Although it may take months or even years for your neuropathy to progress to a more severe stage, there really is no time to lose. In many cases, chronic nerve damage is not fully reversible.
If you wait until your pain is severe, we can still usually help you manage that discomfort and get some of your life back. In fact, we have one of the most advanced treatment programs anywhere in the country to help reverse symptoms to the greatest extent possible, including laser therapy and electronic signal transfer therapy.

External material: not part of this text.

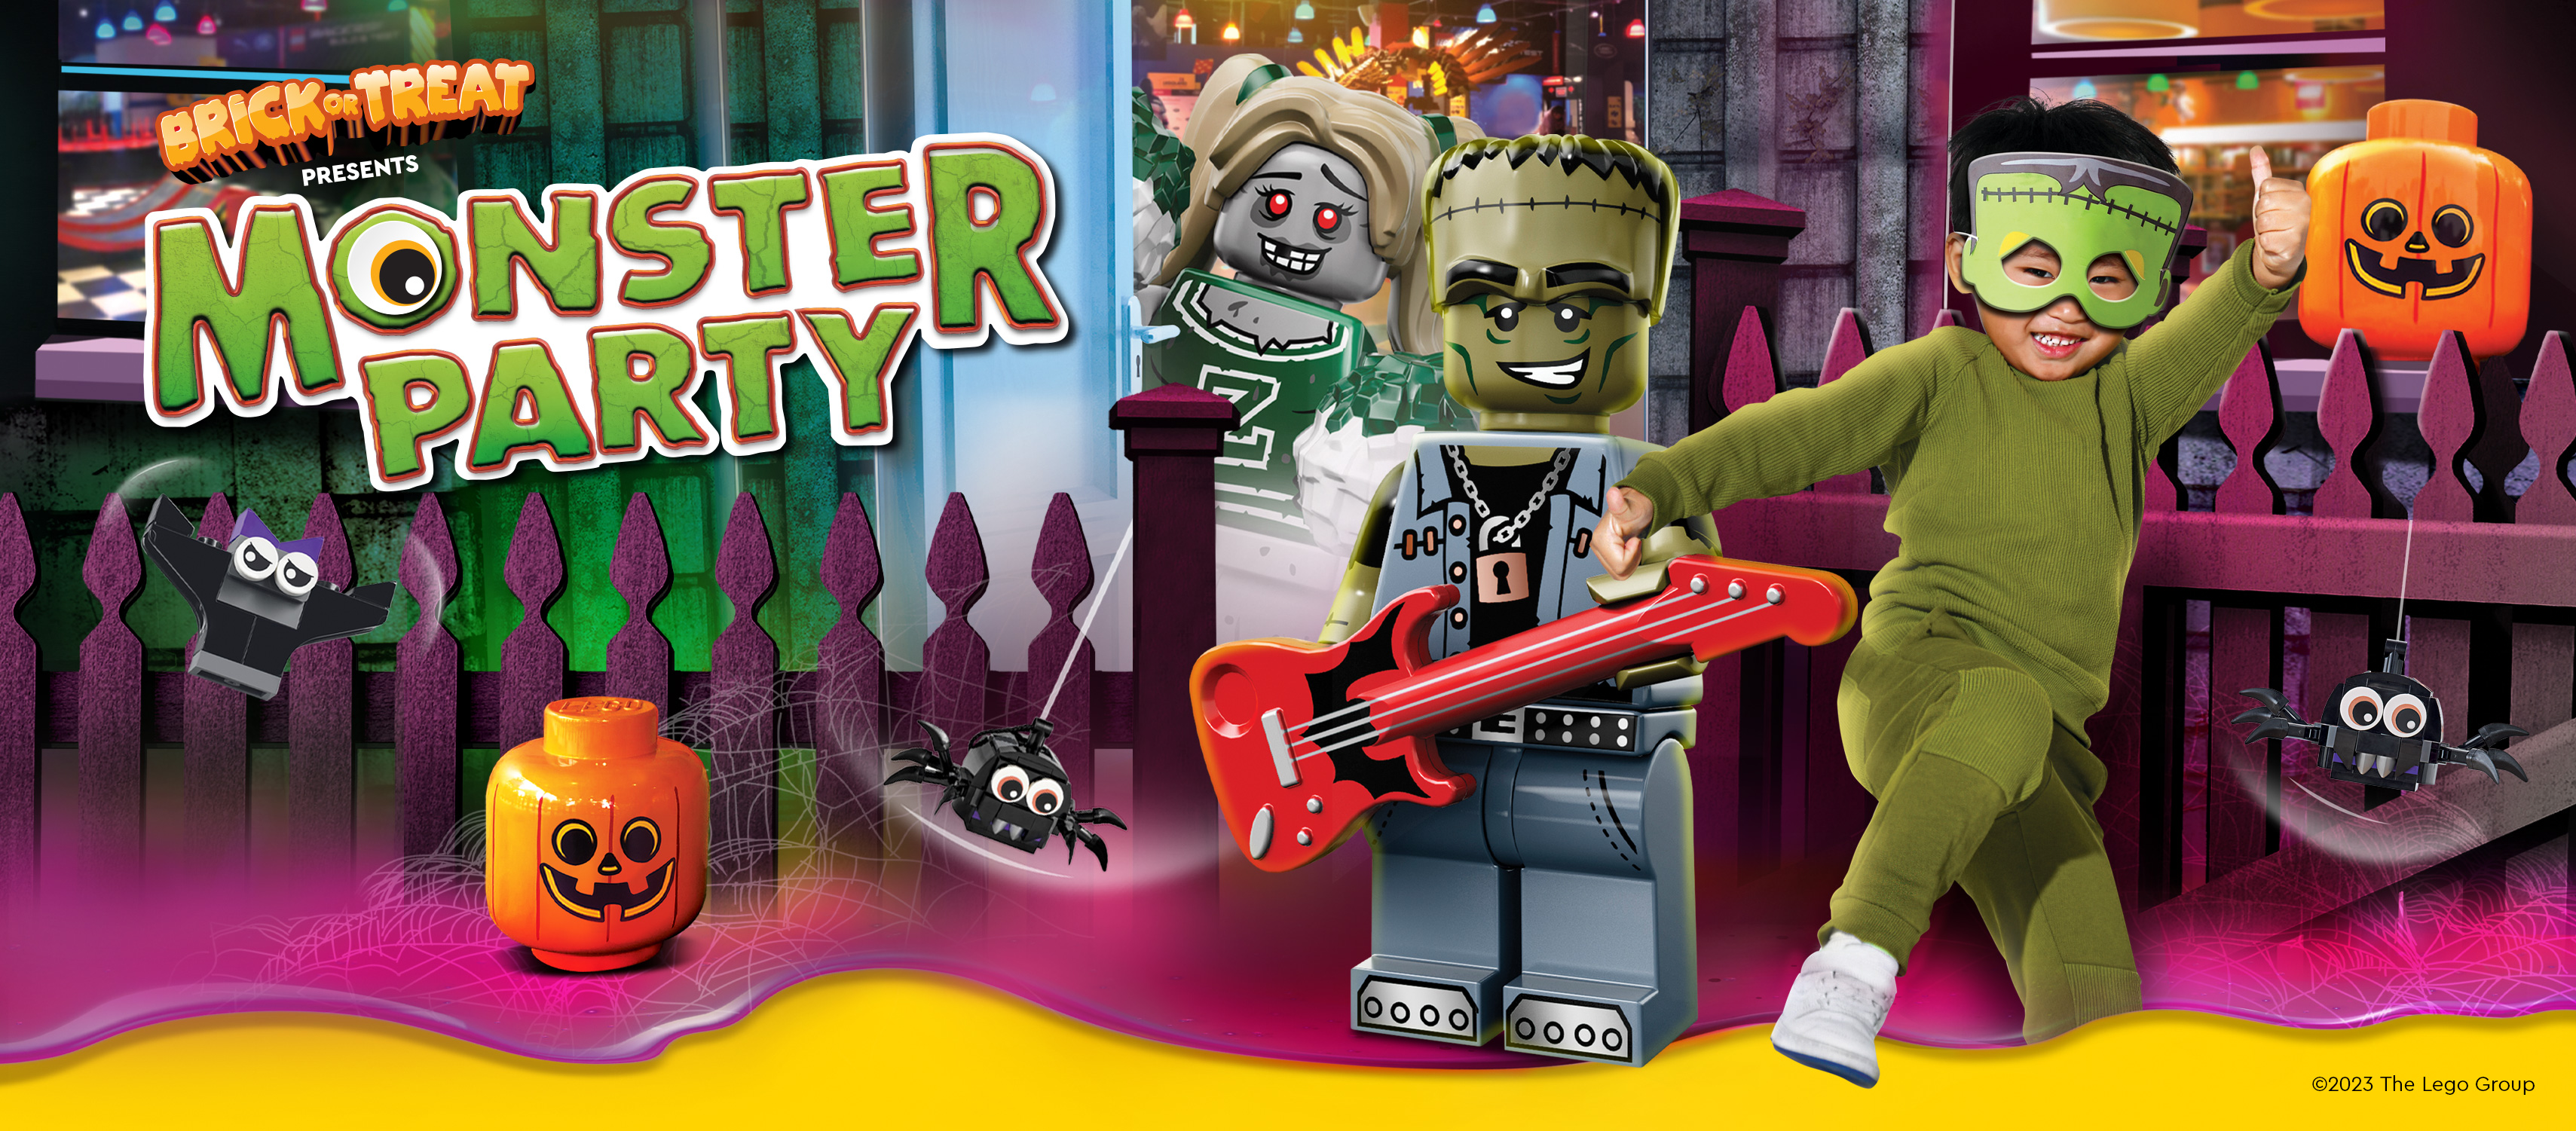 Brick or Treat - Monster Party

But complete restoration is often not possible unless you get out in front of the disease.
At Fixing Feet Institute, we perform extensive neuropathy screenings, which may include blood work, a nerve conduction velocity test, diagnostic imaging, and/or an EMG.
These tools help us detect the early stages of the condition—often before you yourself notice anything—and in many cases can also help us identify likely root causes as well. If you are living with diabetes, it’s essential that you get tested at regular intervals, and learn the benefits of custom orthotics.
And if you do notice any of those early warning signs, you are much better safe than sorry. Don’t gamble with the long-term health of your nerves.